Problem to work on: Return, unchanged and with no pictures, the lines below from the very first through the one that contains "1935 Triumph Model".

Given material:
•••••

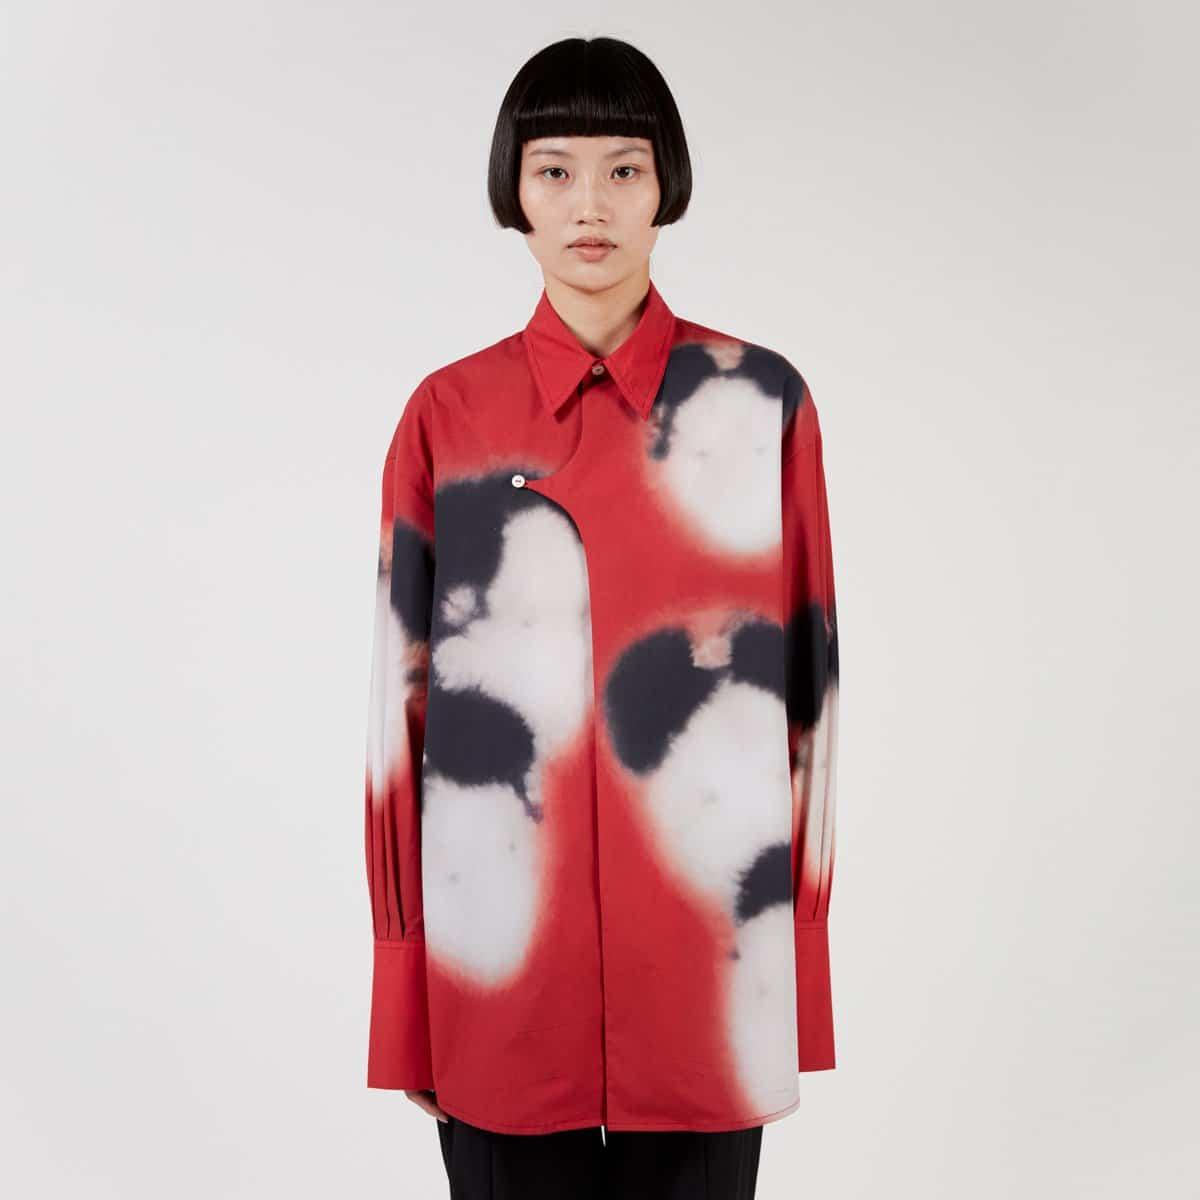 J.Kim Shirt With Faces
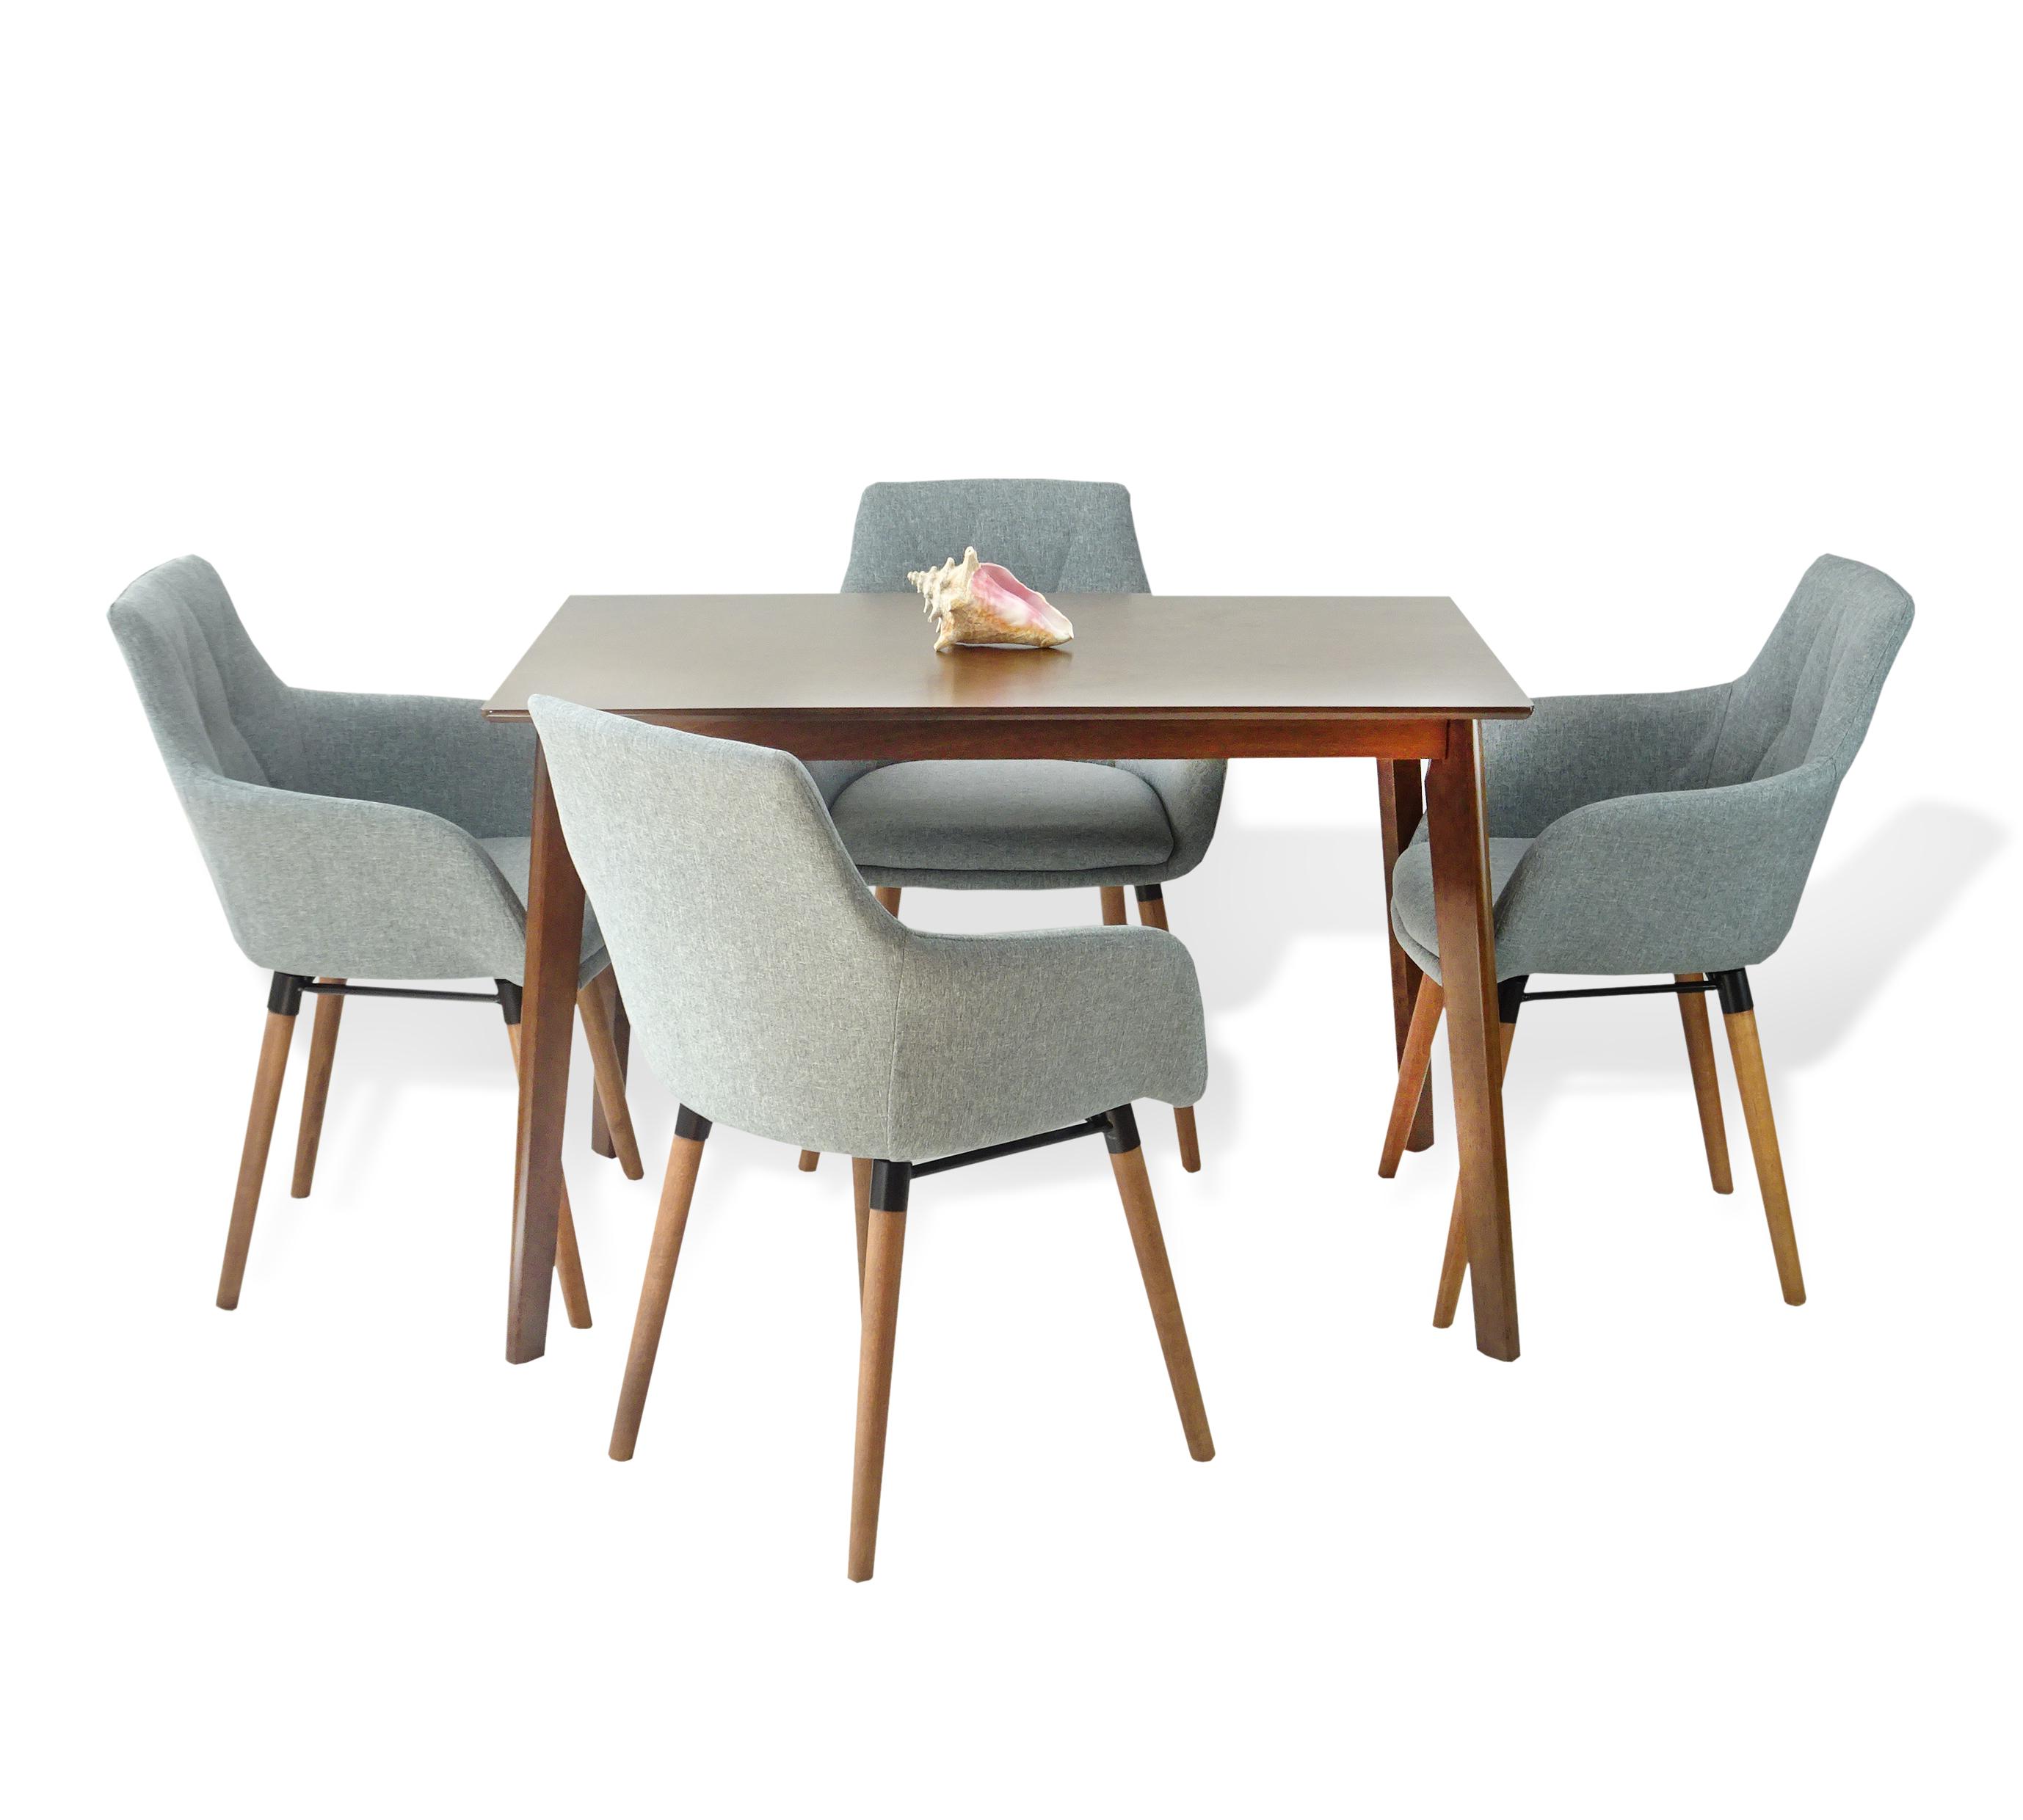 Kitchen Armchairs: Buy Dining Kitchen Modern Alba Armchairs Set Of 4 Wood
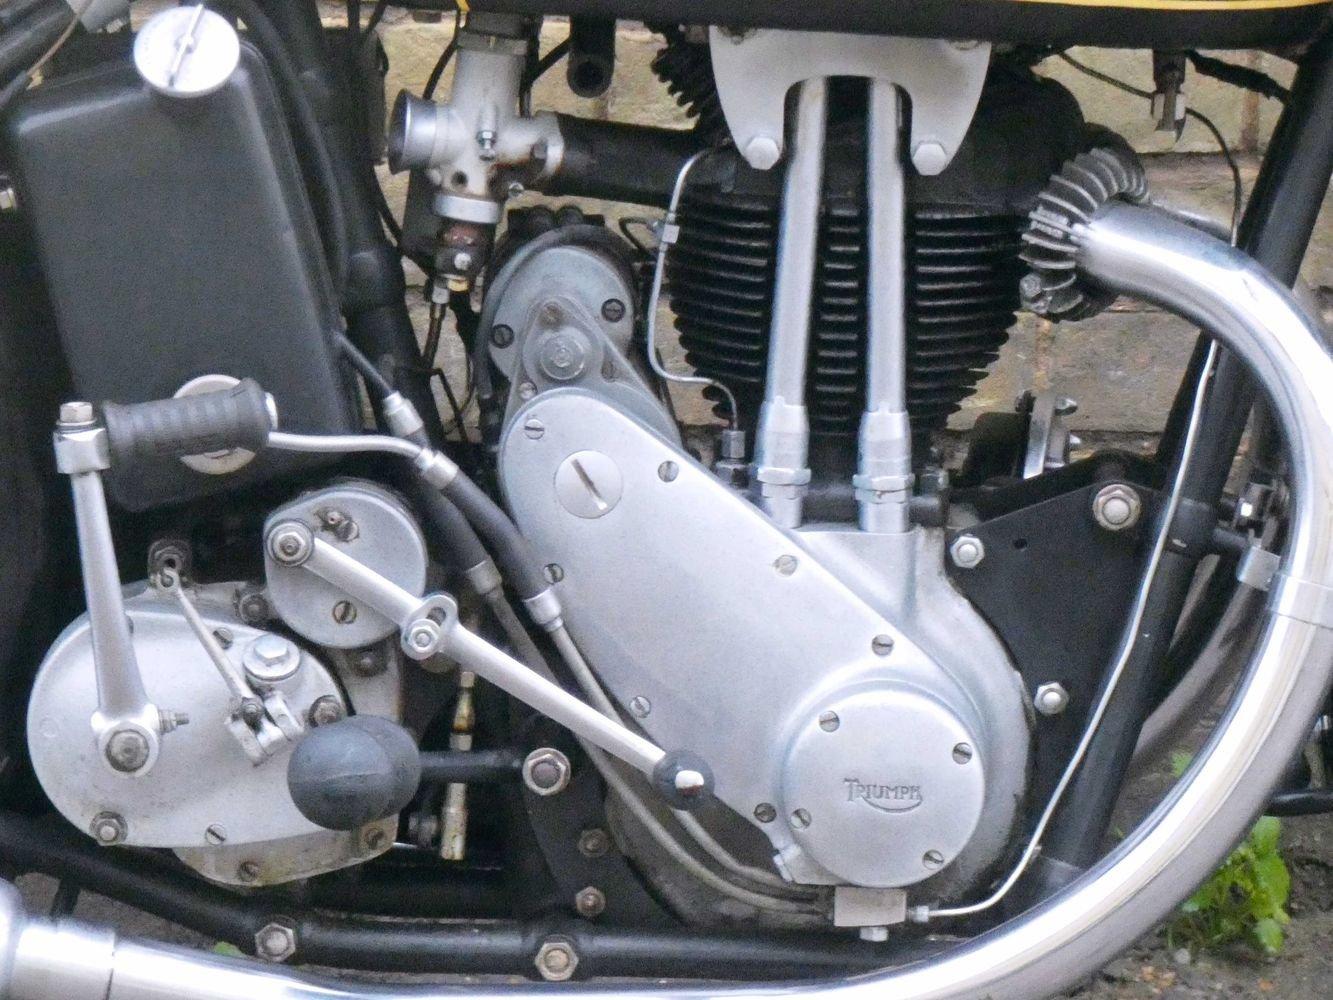 1935 Triumph Model 5/2 500cc For Sale (picture 3 of 6)
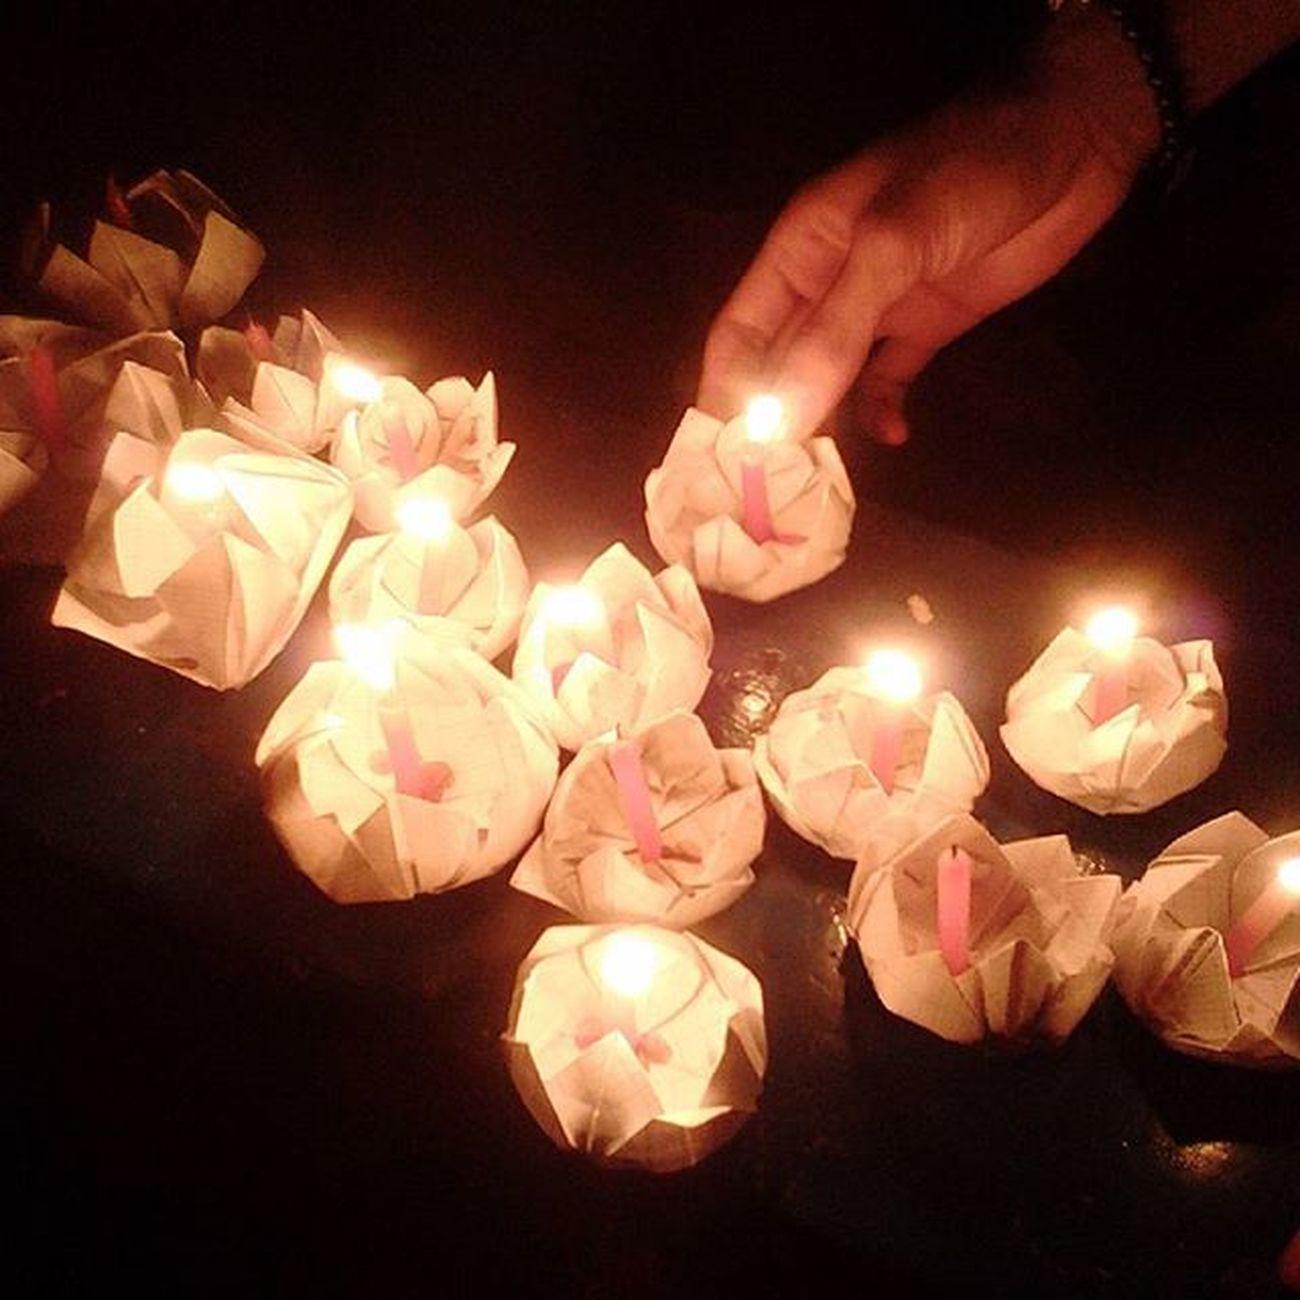 Lanterns Happymoonfestival Mướn đò đi thả đèn mà thả cái nào tắt cái đó. Bực :)) Lanternsonthelake Trungthu candles lights papers VietNamfestival night instagood instalike instafollow instapic instaphoto instalights

•••••

Solution to this problem:
 J.Kim Shirt With Faces
 Kitchen Armchairs: Buy Dining Kitchen Modern Alba Armchairs Set Of 4 Wood
 1935 Triumph Model 5/2 500cc For Sale (picture 3 of 6)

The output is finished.